We've already gotten sexism and homophobia, so of course racism is up next!
Rasmusen says affirmative action gives him grounds to say racist things, so that's cute.
The whole idea of affirmative action is that too few black students wouldn [sic] get in without racial preferences, so we need to lower the standard for them and accept that they will do worse academically.
On this point, as with most things, Rasmusen is wrong. Affirmative action admits "thrive at elite colleges" and are more likely than their peers to give back to society. Affirmative action admits are also generally more successful than legacy admits, despite the advantages in life that legacy admits are likely to have, but I don't see the good professor ranting and raving about legacy admissions. GEE, I WONDER WHY.
To Rasmusen, university policies enshrining the rule that people will not be discriminated on the basis of sex, race, national origin, religion, sexual orientation, or gender identity are impermissible "political stands."

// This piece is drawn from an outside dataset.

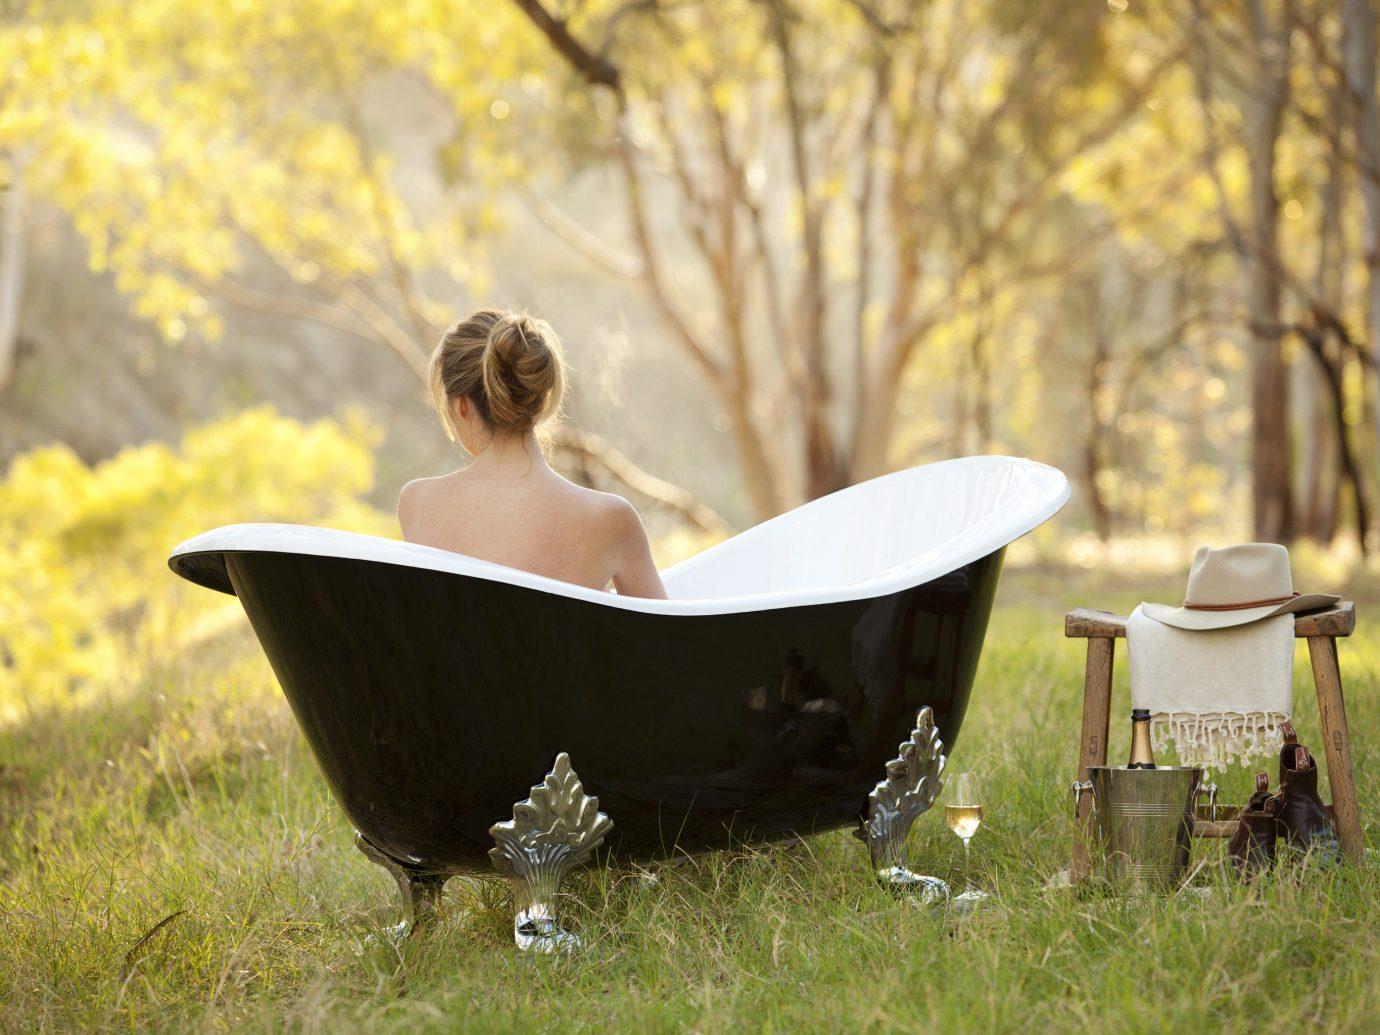 Health + Wellness Hotels Spa Retreats grass tree outdoor season lawn morning spring backyard Picnic flower autumn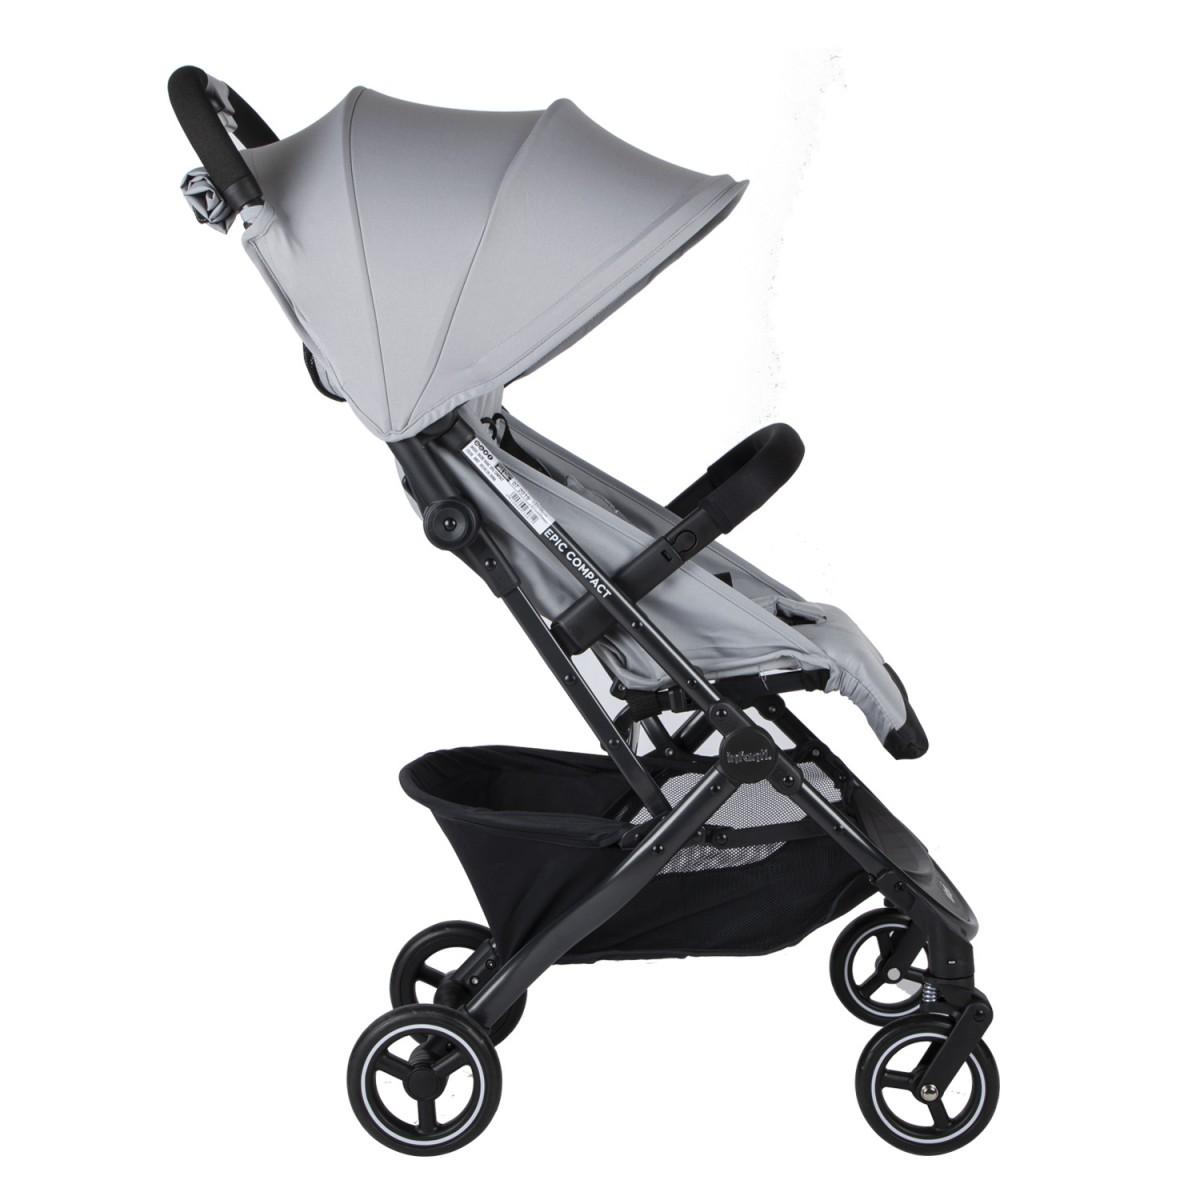 012110628bk_coche_paseo_epic_compact_grey_06

I thought public universities weren't supposed to take political stands. Just saying your political opinions are "nondiscrimination policy" doesn't mean you're not taking a stand on political issues.
Then we get to the point where Rasmusen suggests firing the provost and asserting that she is a bigot for supporting IU's nondiscrimination policy.
How about replacing the Provost? Is it not clear that Indiana University students and faculty need to be protecgted [sic] from her bigoted actions?
As for the "lessons" Rasmusen purports to have learned from the experience, shockingly, none of them are that he should treat people with more respect. Most of them are about how to keep track of how awesome you are. My personal favorite is Number 12: Masturbate regularly with the memory of the verbal fellatio you have received from your fellow bigots.
12. Keep a list of encouraging emails, comments, tweets, and so forth. Look at it every once in a while, and show it to the public too (without identifying information that might compromise your supporters) to show how numerous and reasonable your supporters are.
I wonder how many of those lovely supporters include slurs and Naziisms that Rasmusen neglected to post publicly.
What happens next?
Neglecting to punish Rasmusen now doesn't mean that the university won't take action if it receives evidence of Rasmusen's biases affecting his grading or other work decisions. (Which I assume it will.)
IU made it clear that they weren't declining to take action against Rasmusen because of his tenure, but because of the First Amendment.
"While the tenure matter keeps coming up, it's actually not something that keeps us from firing anyone," said Chuck Carney, a university spokesperson. "Tenured faculty can be fired. This is purely a protected speech matter, not a tenure matter."
And Robel's statement pretty clearly invites current and former students, faculty, and staff to report any prejudice they experienced at Professor Rasmusen's hands.
It's hard to believe that a man who writes things like what's quoted above doesn't let those views affect his actions. And if they do, I have a feeling Lauren Robel, Idie Kesner, and other IU administrators will be finding out about it real soon.
In the meantime, just cross your fingers that Trump and Pence don't find out about this fucker. They'd probably give him a damn medal.